The most profound New Stack efficiency will come from radically streamlining developer and operator interactions with the entire application/infrastructure stack, and embracing new abstractions and automation concepts to hide complexity. The point isn’t to remove the humans from IT — it’s to remove humans from overseeing areas that are beyond human reasoning, and to simplify human interactions with complex systems.

The operation of today’s enterprise data centers is inefficient and unnecessarily complex because we have standardized on manual oversight. For example, in spite of vendors’ promises of automation, most applications and services today are manually placed on specific machines, as human operators reason across the entire infrastructure and address dynamic constraints like failure events, upgrades, traffic surges, resource contention and service levels.

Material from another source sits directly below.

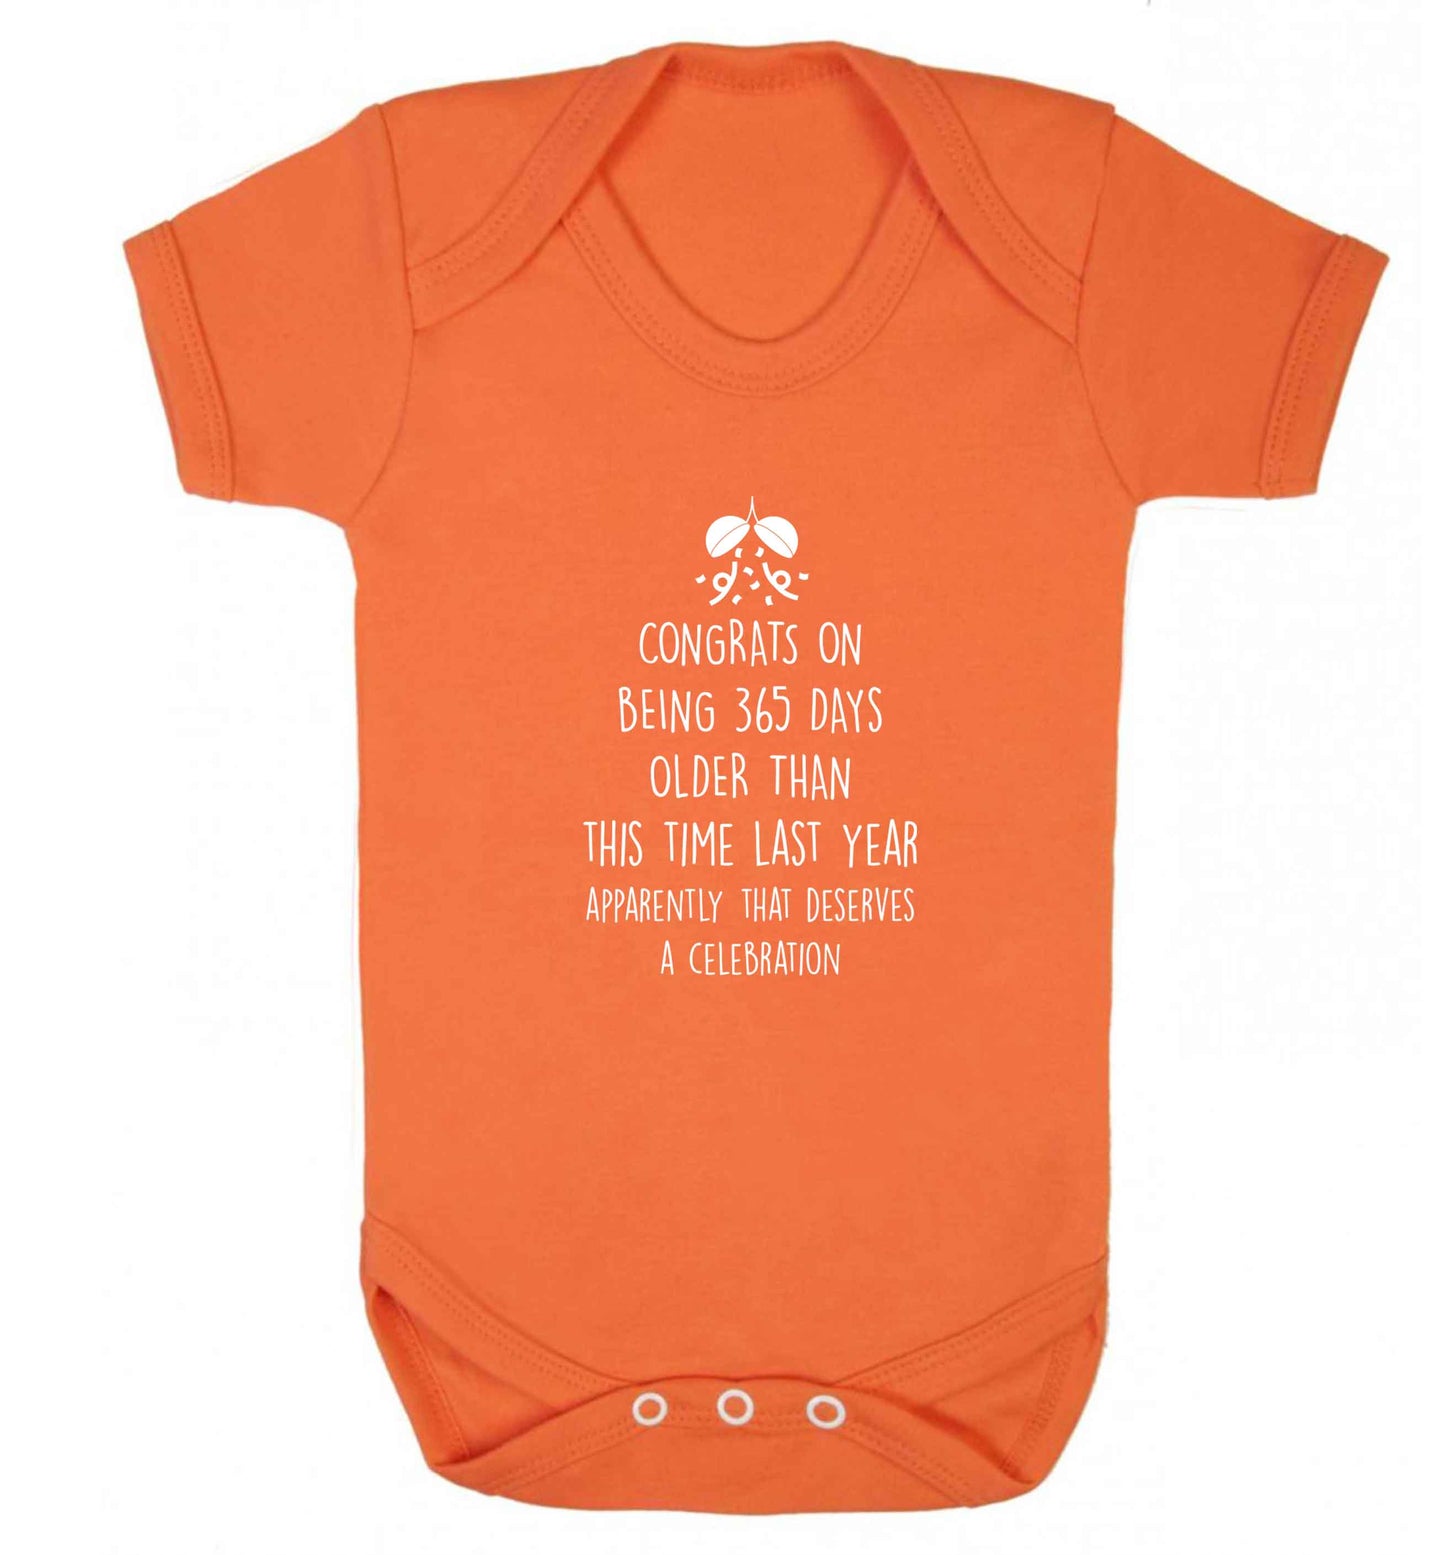 Congrats on being 365 days older than you were this time last year apparently that deserves a celebration baby vest orange 18-24 months

The best practice in data center optimization for the last 10 years has been to take physical machines and carve them into virtual machines. This made sense when servers were big and applications were small and static. Virtual machines let us squeeze a lot of applications onto larger machines. But today’s applications have outgrown servers and now run across multitudes of nodes, on-premise or in the cloud. That’s more machines and more partitions for humans to reason with as they manage their growing pool of services. And the automation that enterprises try to script over this environment amounts to linear acceleration of existing manual processes and adds fragility on top of abstractions that are misfits for these new applications and the underlying cloud hardware model. Similarly, typical “cloud orchestration” vendor products increase complexity by layering on more management components that themselves need to be managed, instead of simplifying management.

Embracing the New Stack developers

Server-side developers are no longer writing apps that run on single machines. They are often building apps that span dozens to thousands of machines and run across the entire data center. More and more mobile or internet applications built today are decomposed into a suite of “micro-services” connected by APIs. As these applications grow to handle more load and changing functionality, it becomes necessary to constantly re-deploy and scale back-end service instances. Developers are stalled by having these changes go through human operators, who themselves are hampered by a static partitioning model where each service is run on an isolated group of machines.

Even in mature DevOps organizations, developers face unnecessary complexity by being forced to think about individual servers and partitions, and by creating bespoke operational support tooling (such as service discovery and coordination) for each app they develop. The upshot is pain of lost developer time on tooling, provisioning labor and hard costs underutilization that results from brute force “service per machine” resource allocation.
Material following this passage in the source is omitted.